Centros comerciais podem abrir em todo o país, à exceção da Área Metropolitana de Lisboa. O desconfinamento mais lento na região deve-se ao agravamento do número de casos (que contraria a tendência no resto do país) e dura, pelo menos, até dia 4 de junho, data em que o Governo voltará a avaliar a situação. A reabertura de lojas com mais de 400 metros quadrados ou feiras também é permitida em todo o país, mas em Lisboa ainda é incerto já que está sujeita a decisão camarária.

  • Fim do regime transitório nas creches e pré-escolar

Termina a opção de apoio à família no âmbito das creches, com a reabertura plena destes estabelecimentos, sujeita a medidas de prevenção do coronavírus. No entanto, ao contrário do que estava previsto inicialmente, as Atividades de Tempos Livres (ATL) não integradas em estabelecimentos escolares não vão abrir já. Só poderão voltar a funcionar a partir de 15 de junho, duas semanas depois do que estava inicialmente previsto. Como já era sabido, o ensino para alunos do 1.º ao 9.º ano mantém-se em regime não presencial até ao fim do ano letivo.

  • Lojas do cidadão voltam a atender com marcação

Está prevista a reabertura das lojas do cidadão em todo o país, exceto Lisboa. Também neste caso, a região não está incluída e vai ter de esperar, pelo menos, uma semana. Nas lojas do cidadão que abrem, a utilização de máscara nas instalações é obrigatória e é necessário fazer marcação prévia para se ser atendido, à semelhança do que já acontece noutros serviços.
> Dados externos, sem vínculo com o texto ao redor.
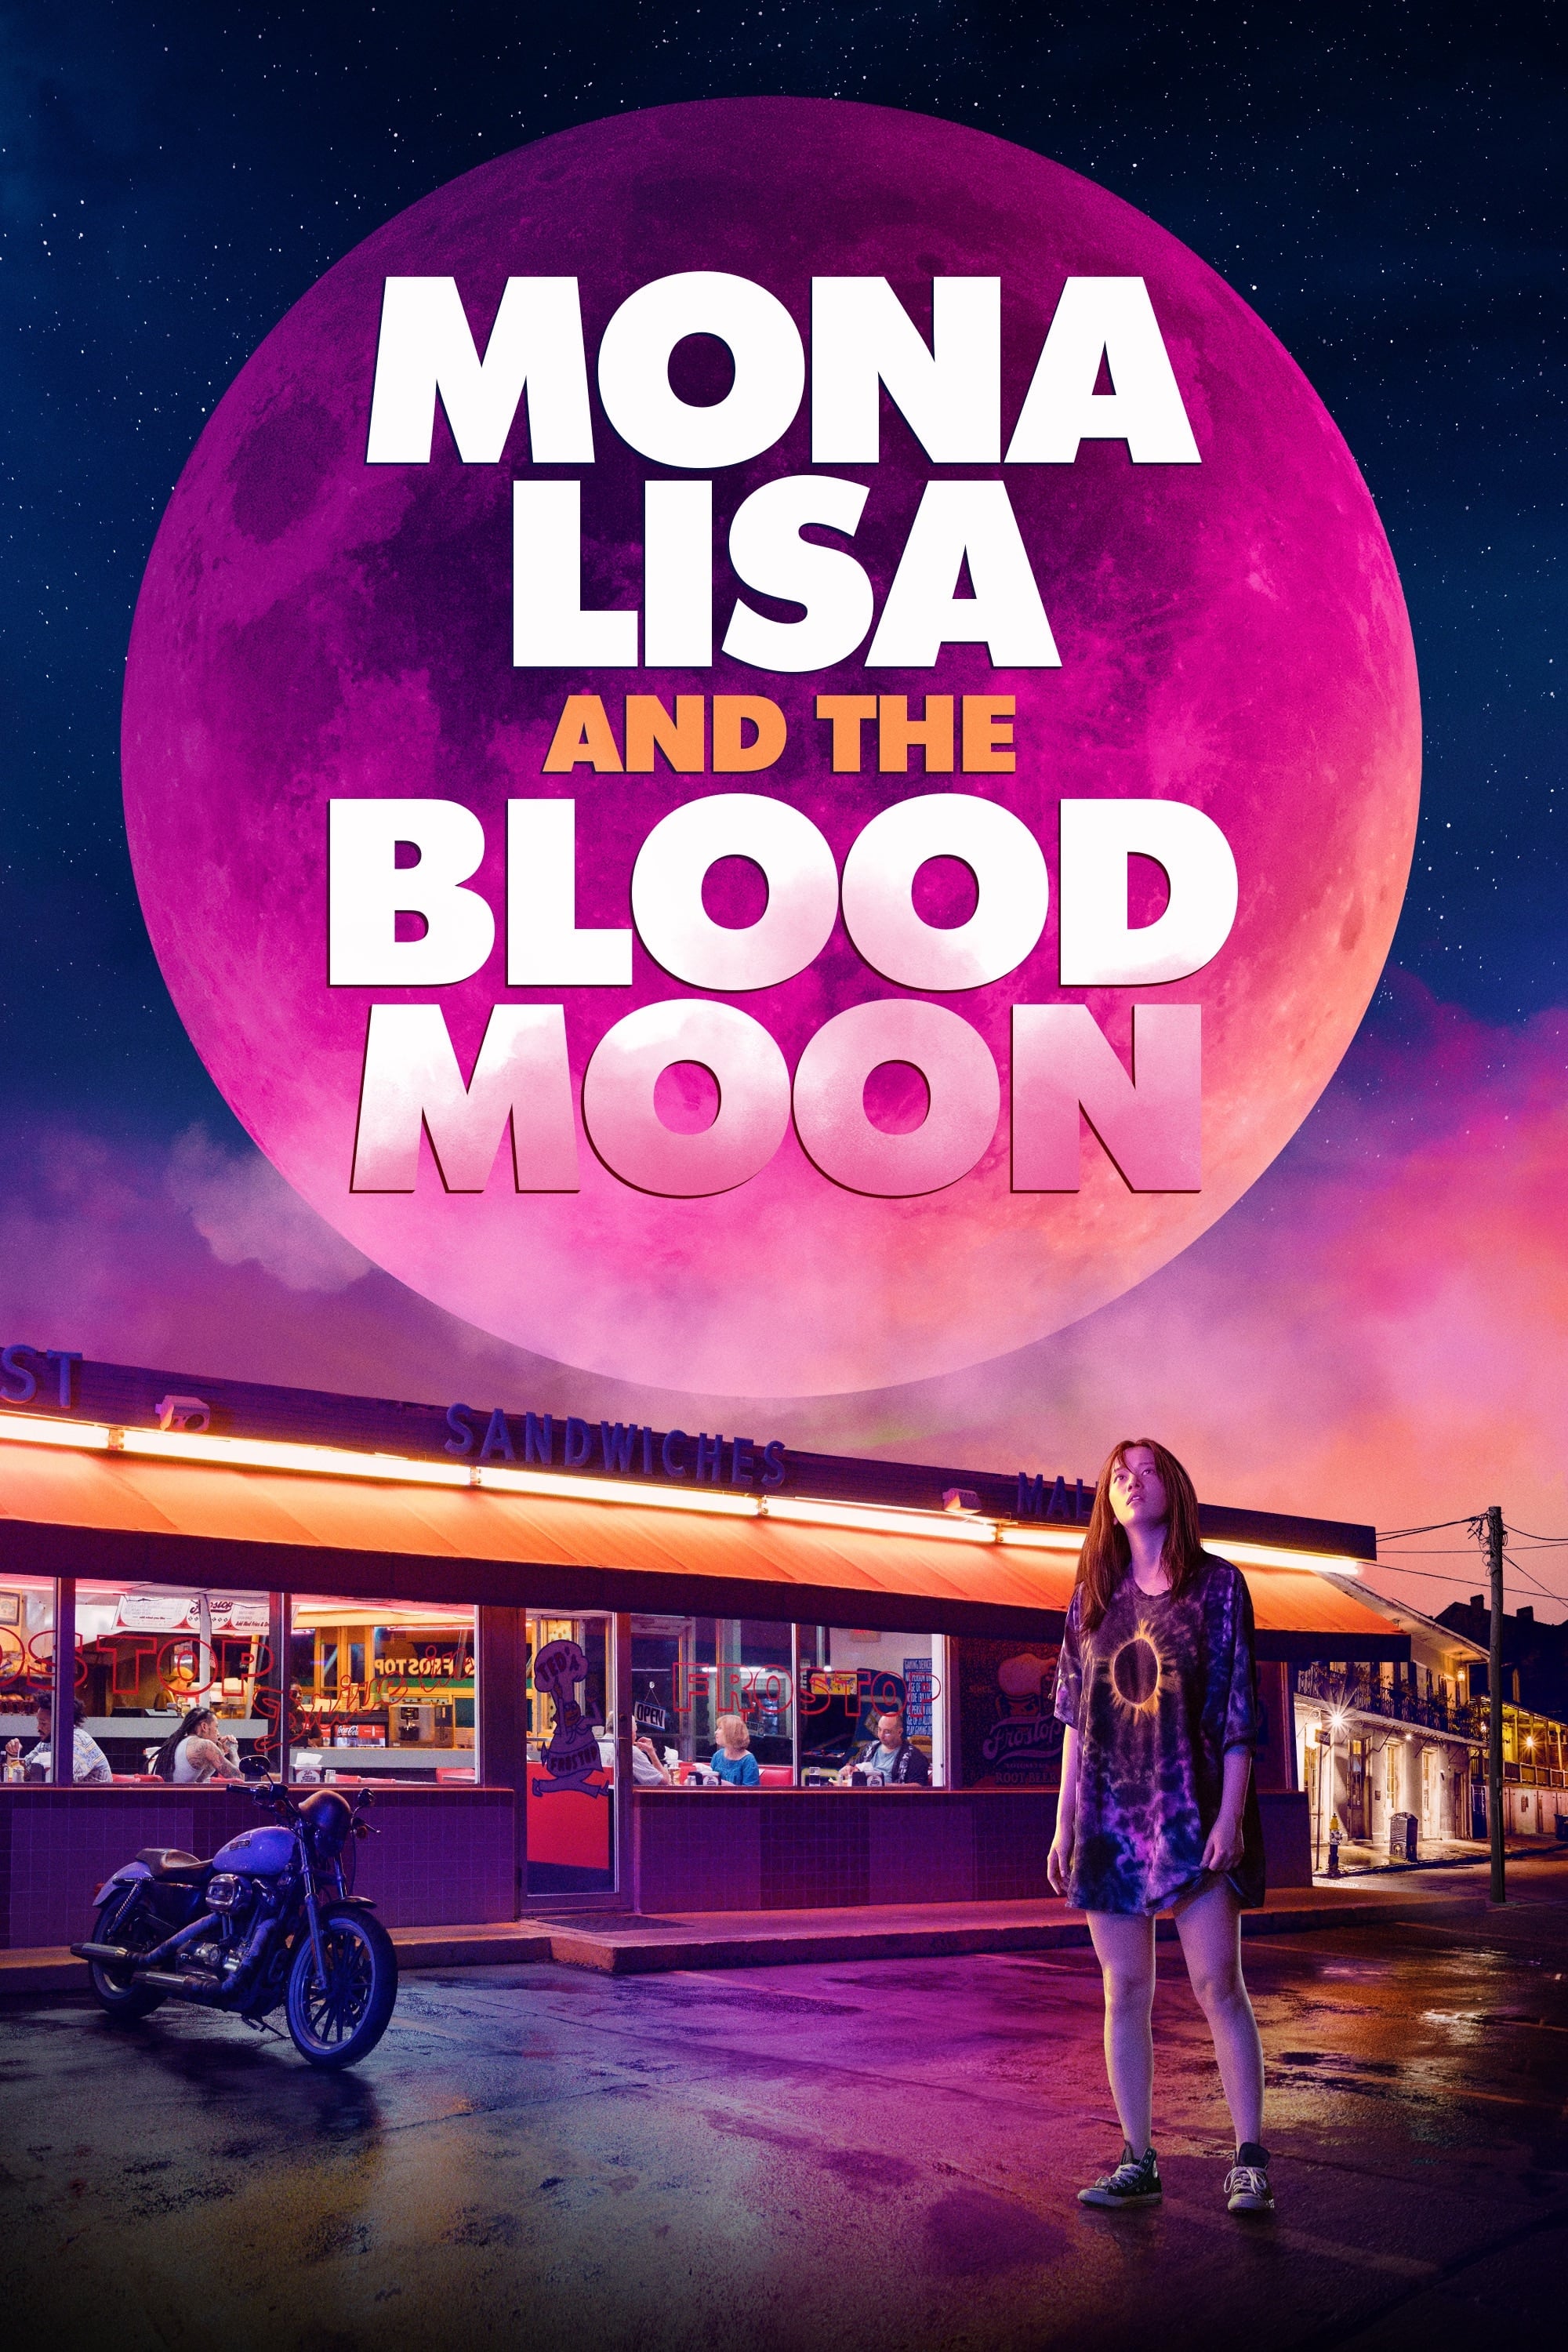 Mona Lisa and the Blood Moon poster

  • Praias com lotação máxima e controlo por semáforo

As regras para ir à praia já eram conhecidas e entraram em vigor a 26 de maio, apesar de a época balnear só começar oficialmente a 6 de junho. É obrigatório manter uma distância mínima de 1,5 metros entre pessoas de grupos diferentes e existirá um sistema de semáforos através da aplicação “Info Praia” da Associação Portuguesa do Ambiente, disponível para smartphones, para sinalizar o estado de ocupação: verde para ocupação baixa, amarelo para ocupação elevada e vermelho para ocupação plena. Conheça aqui e aqui as regras para o acesso às praias na íntegra.

  • Cinemas e teatros com um lugar de intervalo

Podem reabrir a partir de segunda-feira os cinemas, teatros, auditórios e salas de espetáculos. O Governo permite todas as filas ocupadas e um lugar de intervalo entre os espectadores, exceto para pessoas que vivam juntas. Os espectadores terão de usar máscara de proteção e, no caso dos espetáculos ao ar livre, é obrigatório ter lugares assinalados. Apesar de se manterem proibidos os festivais até 30 de setembro, a lei permite a realização de outras iniciativas, como é o caso da Festa do Avante.

  • Ginásios com distanciamento e higiene reforçada

Também os ginásios podem abrir portas, desde que cumpram as normas definidas pela DGS. Estas foram conhecidas no fim de semana e incluem distanciamento de pelo menos dois metros entre pessoas, número reduzido de participantes nas aulas de grupo, bem como o uso de máscaras obrigatório para funcionários e nas deslocações (entrada e saída) para utilizadores.

Os ginásios têm ainda de disponibilizar dispensadores de álcool gel e os espaços devem ser ventilados durante pelo menos 20 minutos e ainda limpos e higienizados, tal como os equipamentos utilizados. Nas piscinas, a água deve ser substituída, procedendo-se à “cloragem (ou outro tipo de desinfeção química)”, e “testada regularmente”.